Dem Salz im Baguette geht es jetzt an den Kragen.
© Elena_E/Shutterstock

Baguette wechsle dich: Das ändert sich jetzt bei der Baguette-Rezeptur

Kulinarik
Gebäck & Brot

Beim traditionellen französischen Brot steht eine große Veränderung an.

Das Baguette ist auch außerhalb Frankreichs bekannt ist für viele Genießer:innen der ideale Begleiter für viele Mahlzeiten. Das beinahe schon ikonische Brot zeichnet sich für viele vor allem durch seine knackige Kruste und die charakteristische Form aus. Traditionell umfasst die Rezeptur Mehl, Hefe, Wasser und eine Prise Salz, um das ganze abzurunden doch wie nun bekannt wurde, hat Frankreich diese aus Sicherheitsgründen abgeändert.

»Übertriebenen Konsum« einschränken

Wie der französische Bäckereiverband mitteilt, ist das Baguette nicht allein betroffen von der Änderung. Denn konkret soll in Frankreich der Salzgehalt in Weißbrot von 1,5 auf 1,4 Gramm reduziert werden. Diese Maßnahme soll in erster Linie dem Konsum von übertriebenen Mengen Salz und den damit verbundenen Gesundheitsrisiken entgegenwirken.

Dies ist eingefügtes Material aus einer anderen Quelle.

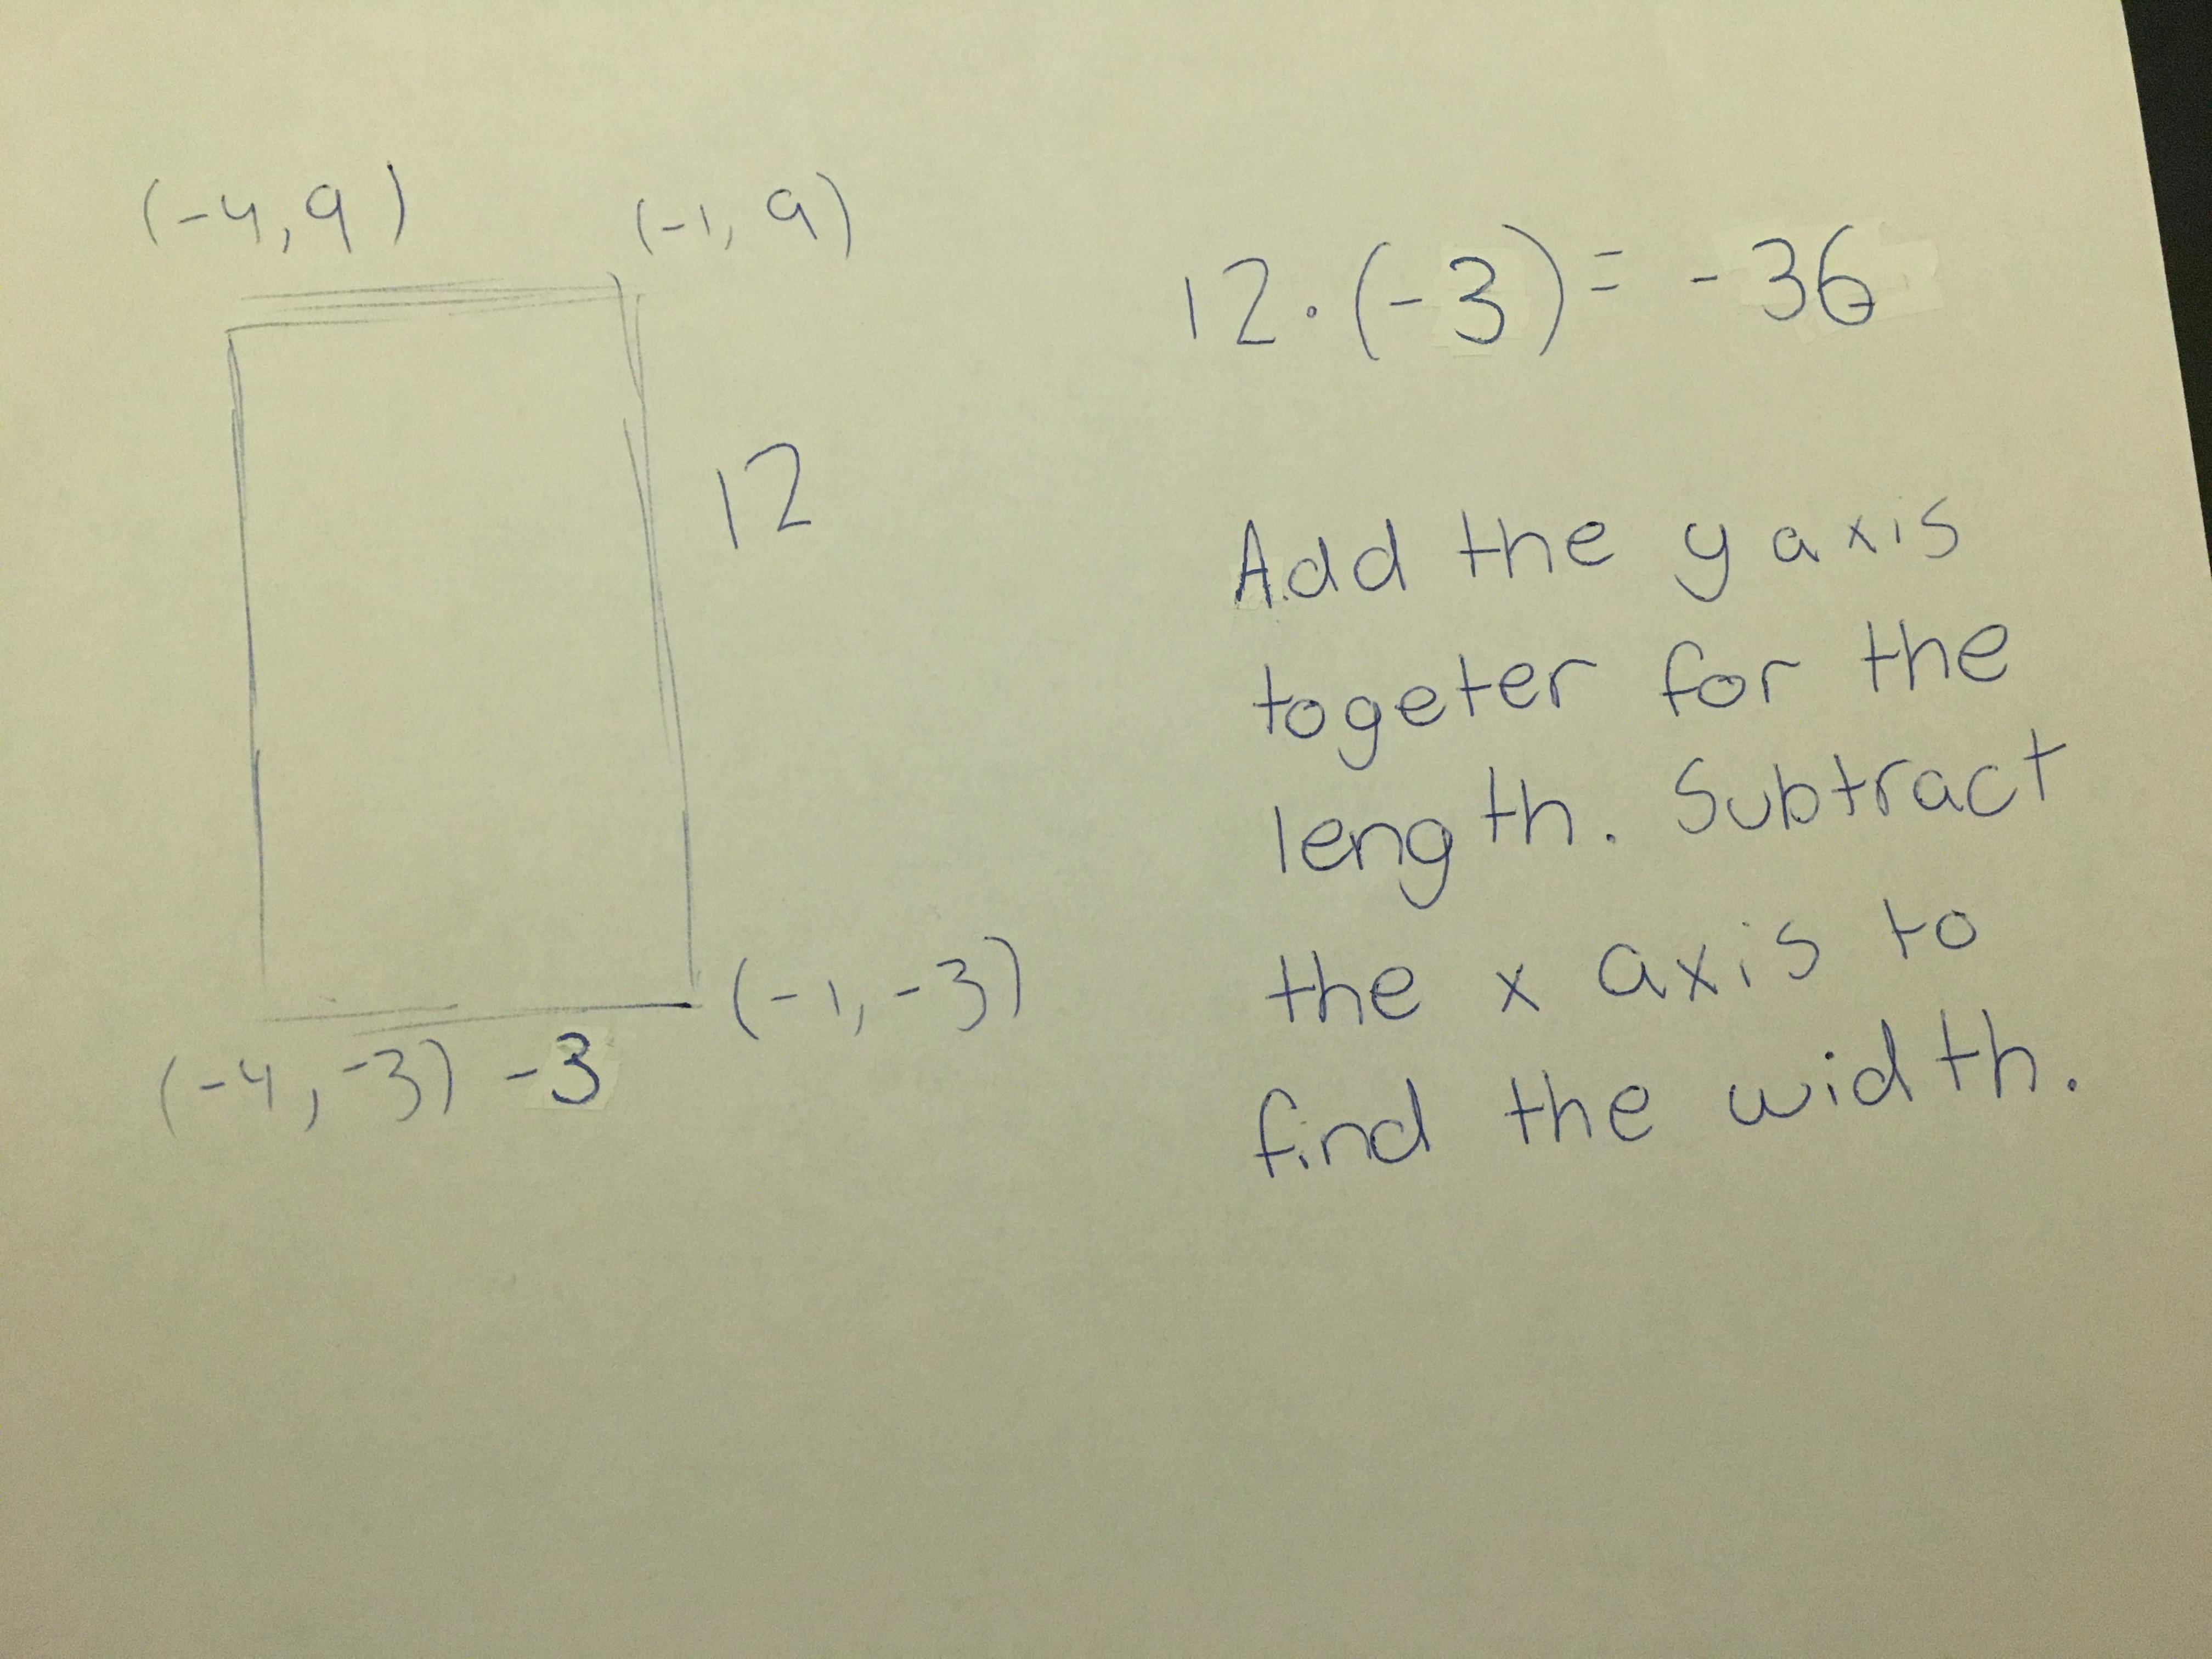 Explain How To Use A Coordinate Plane To Find The Area Of A Rectangle With Vertices (4, 9), (4, 3), (1,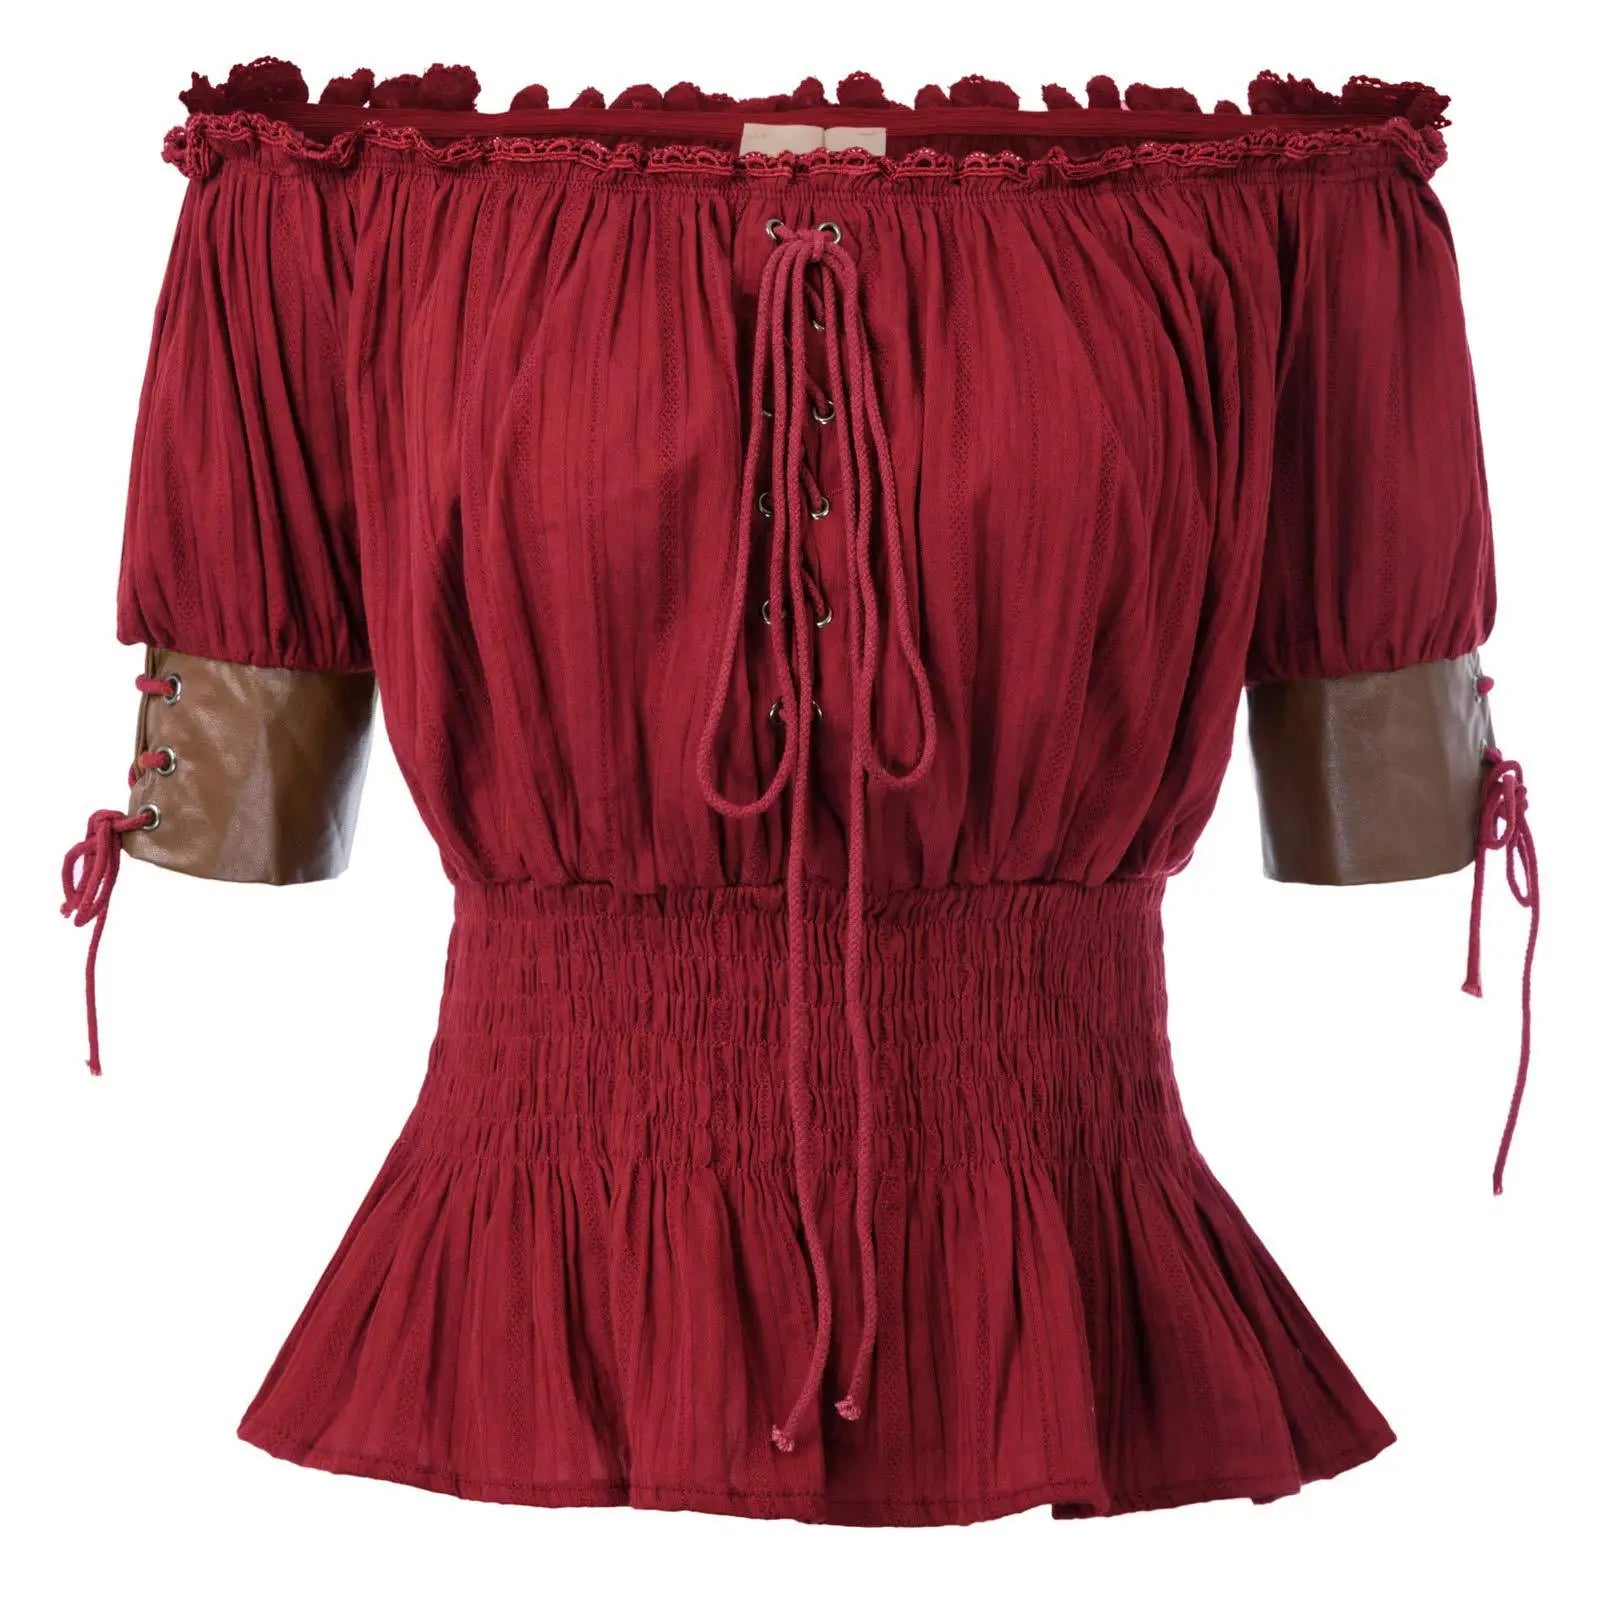 Red Medieval Women's Vintage Blouse Retro Steampunk Top Victorian Half Sleeve Off Shoulder Shirts Sweet Loose Clothes Female with cinched waist, lace-up front, and brown leather sleeve panels by Maramalive™. Perfect for medieval costumes or as a unique addition to women's tops collections.

Die Reduktion des Gewürzes in dem Brot, wird als erster Schritt im Vorgehen gegen den übermäßigen Salzkonsum betrachtet. Medienberichten zufolge plant Frankreich in späterer Folge die weitere Reduktion in der Ernährung, um Krankheiten wie Bluthochdruck oder Herzkreislaufprobleme zu verringern.

Die Mischung macht's

Bedeutet das das Ende des Baguettes wie man es bisher gekannt und geliebt hat? Zwar unwahrscheinlich aber für die Franzosen trotzdem ein Schreckensszenario. Denn das Salz hat nicht nur Auswirkungen auf den Geschmack, sondern auch auf die Beschaffenheit des Teiges, die Farbe, das Volumen, die Haltbarkeit und auch die Kruste des Brotes.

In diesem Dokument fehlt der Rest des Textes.